_PROMPT:_ Your task is to restate word for word the lines in the material below, from the one with "Beautiful caucasian woman" up to and including the one with "Convention TeamSystem Rimini". Do not carry over the pictures.

_THE DATA:_
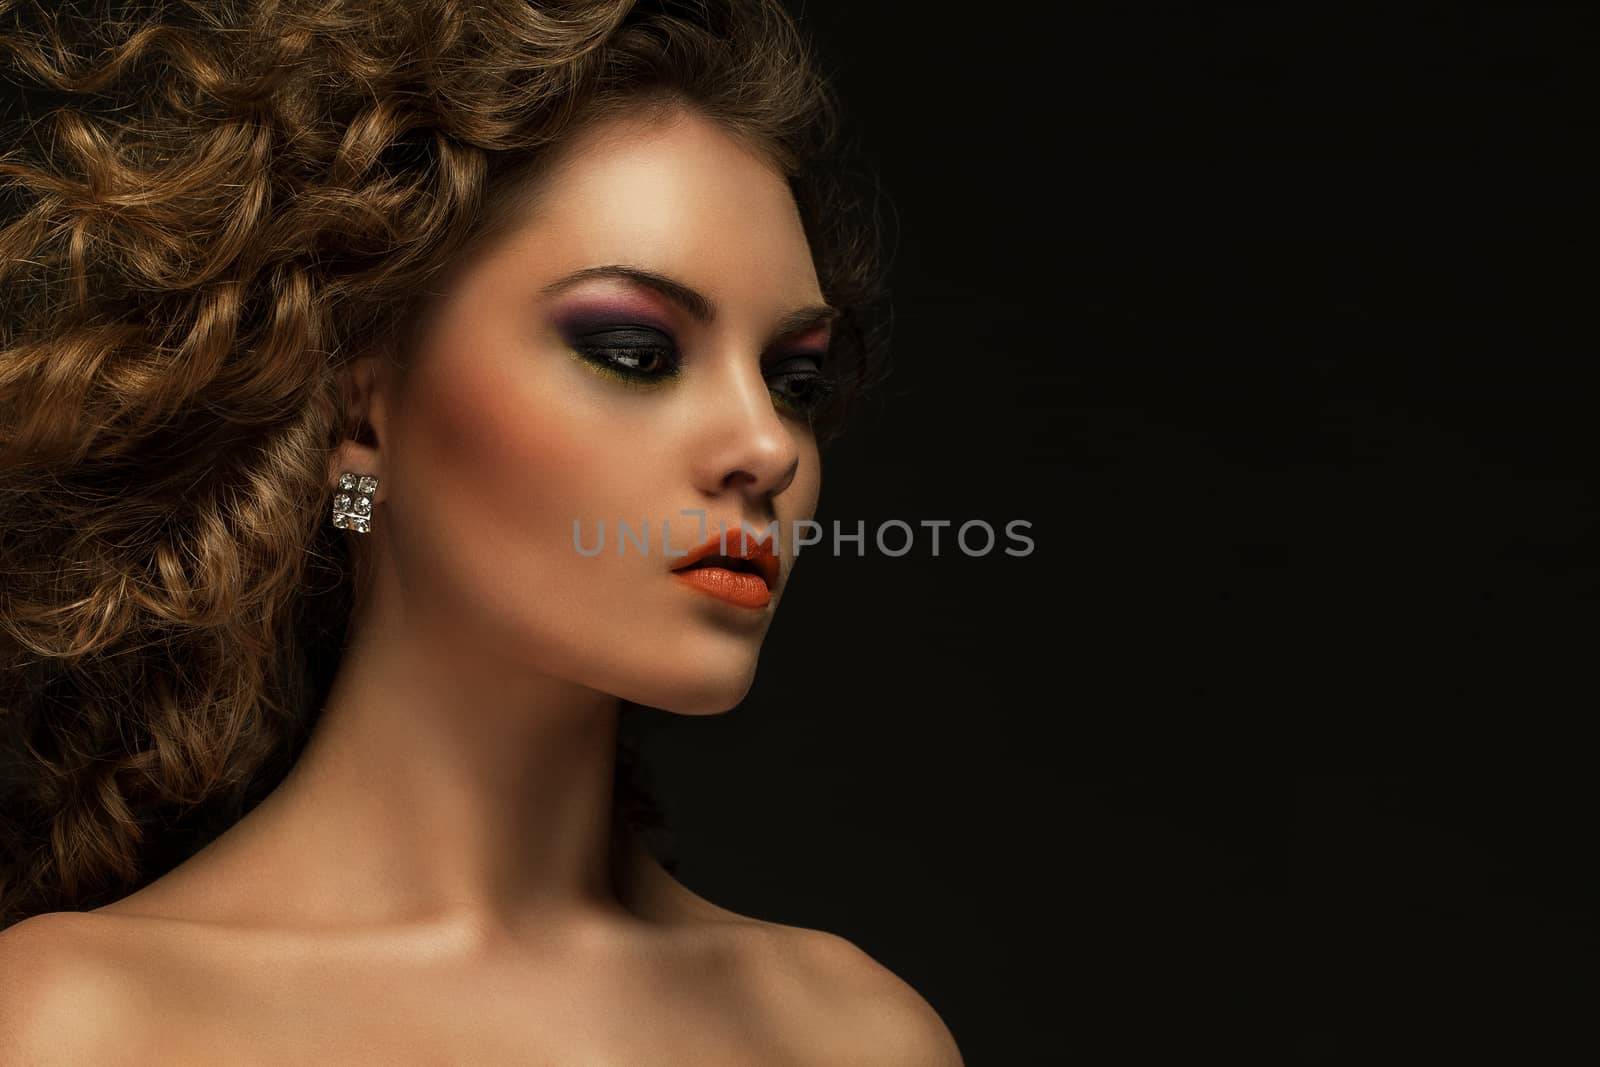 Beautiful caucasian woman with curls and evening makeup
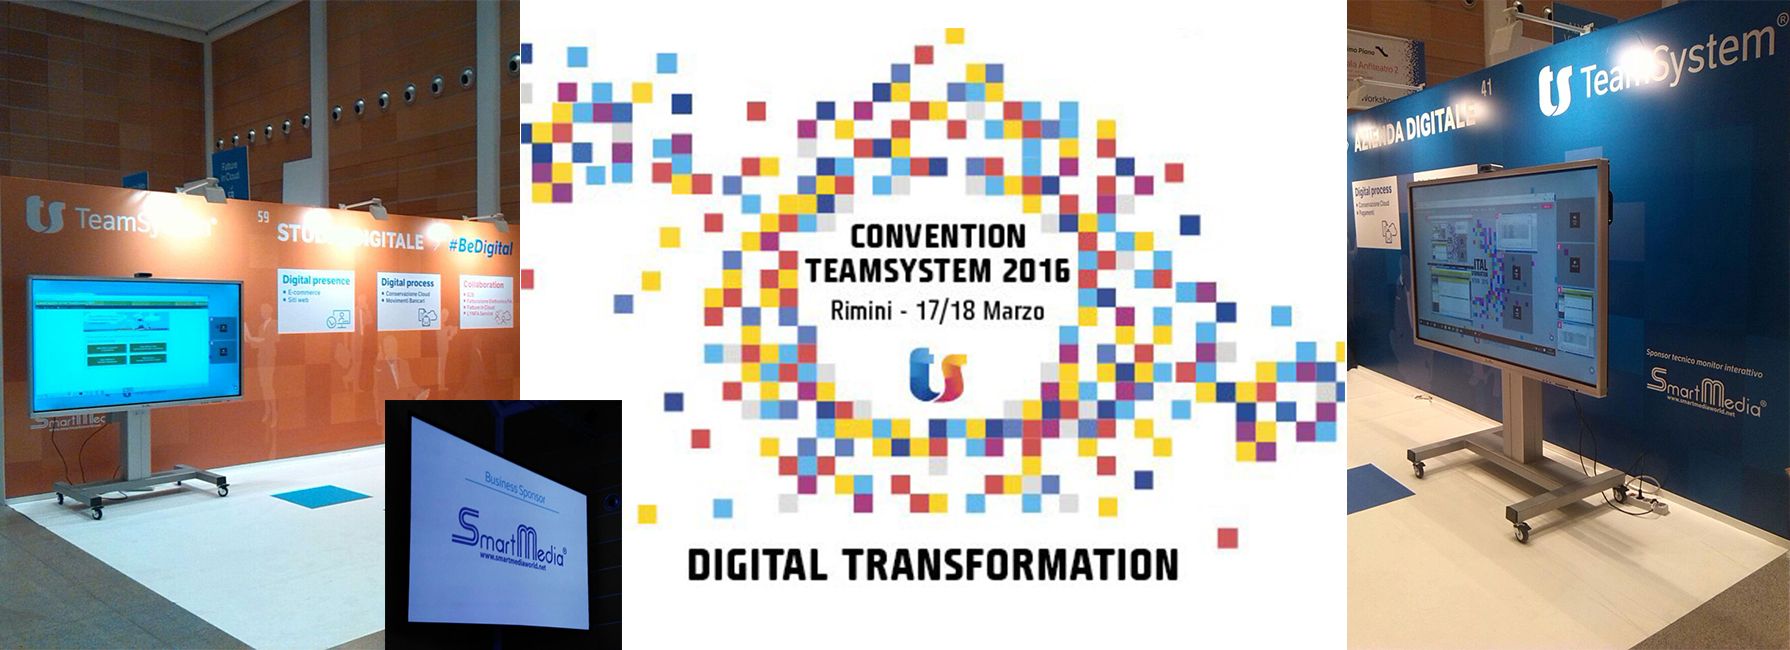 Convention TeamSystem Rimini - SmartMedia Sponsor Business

* * *

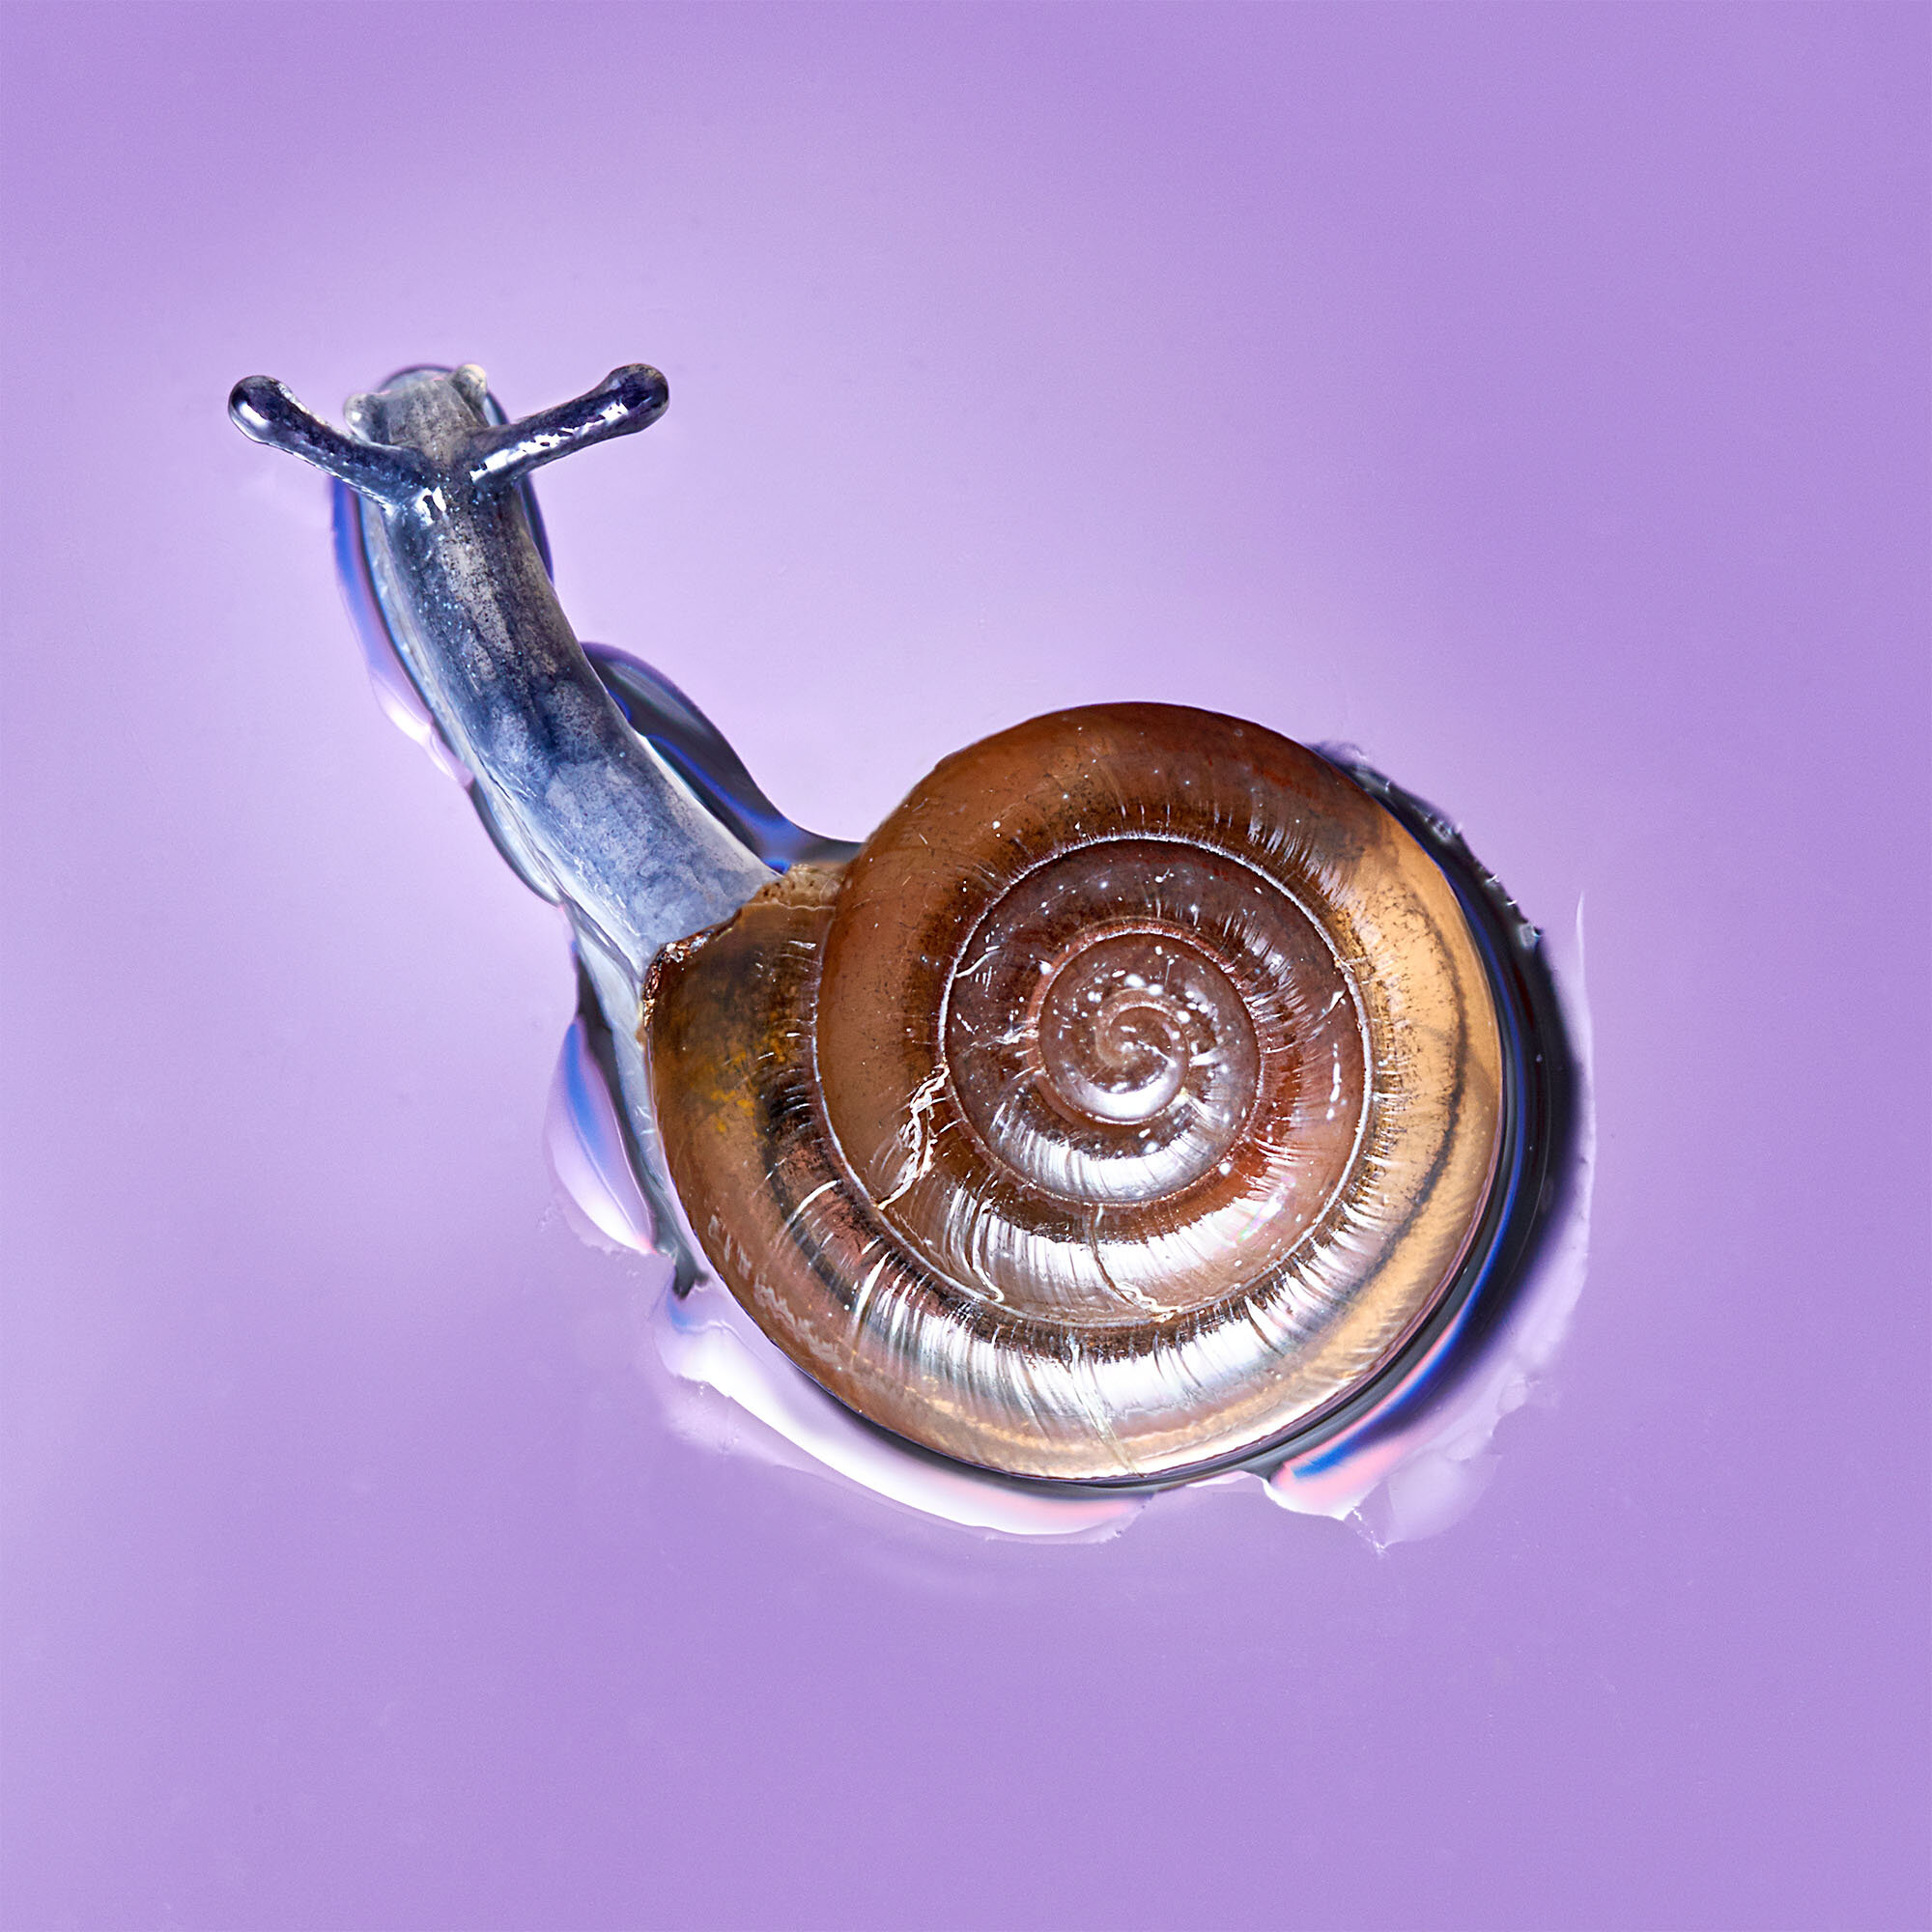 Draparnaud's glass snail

* * *

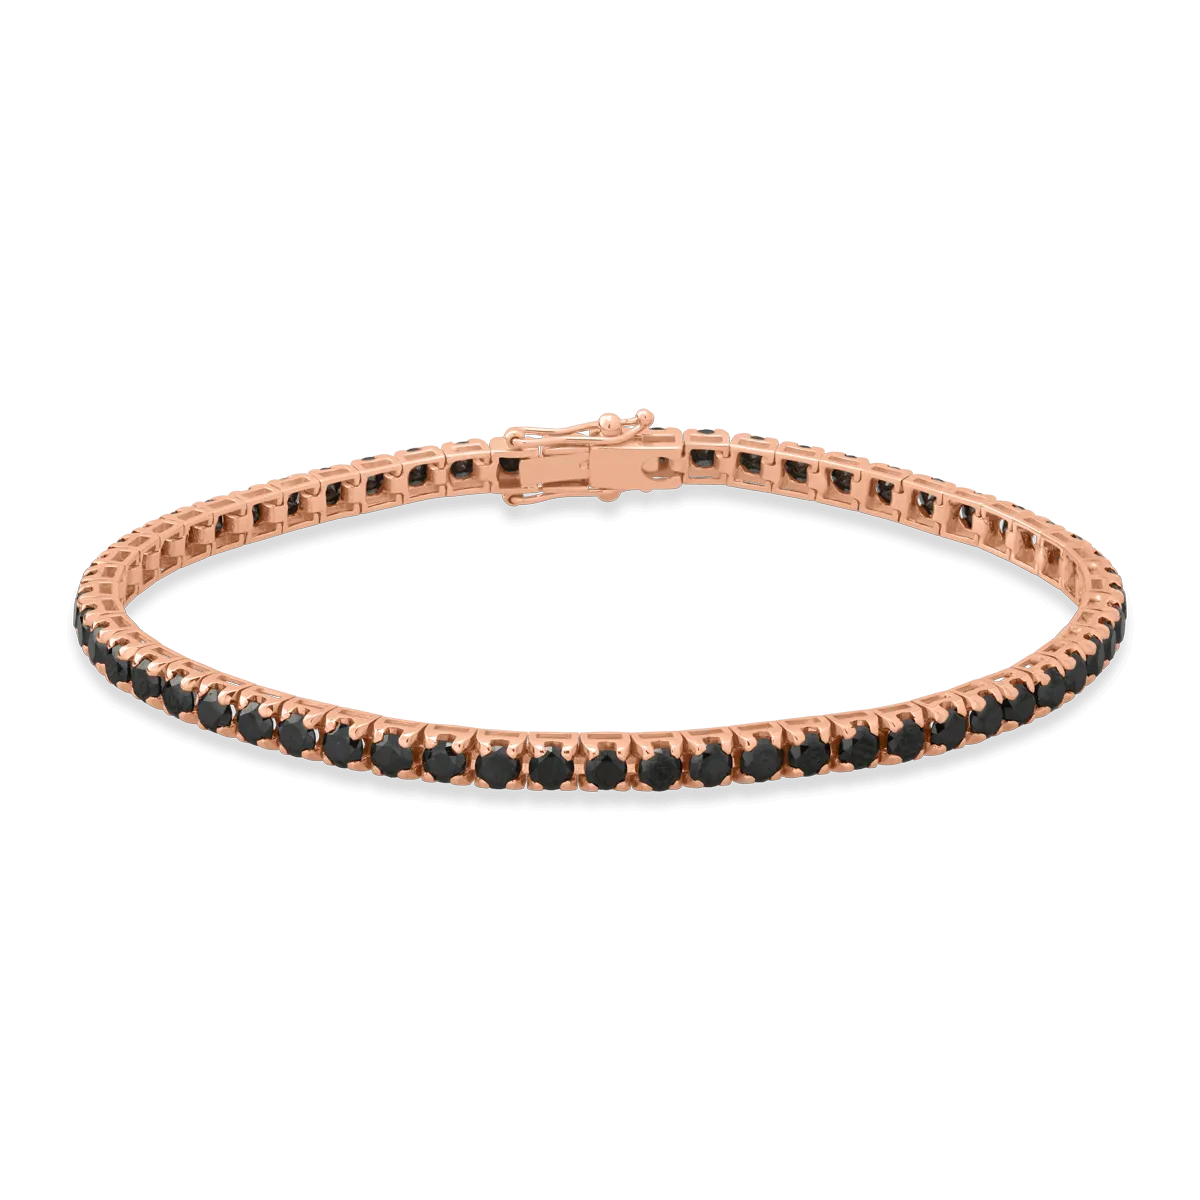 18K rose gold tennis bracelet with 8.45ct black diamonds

_ANSWER TO THE PROBLEM:_
 Beautiful caucasian woman with curls and evening makeup
 Convention TeamSystem Rimini - SmartMedia Sponsor Business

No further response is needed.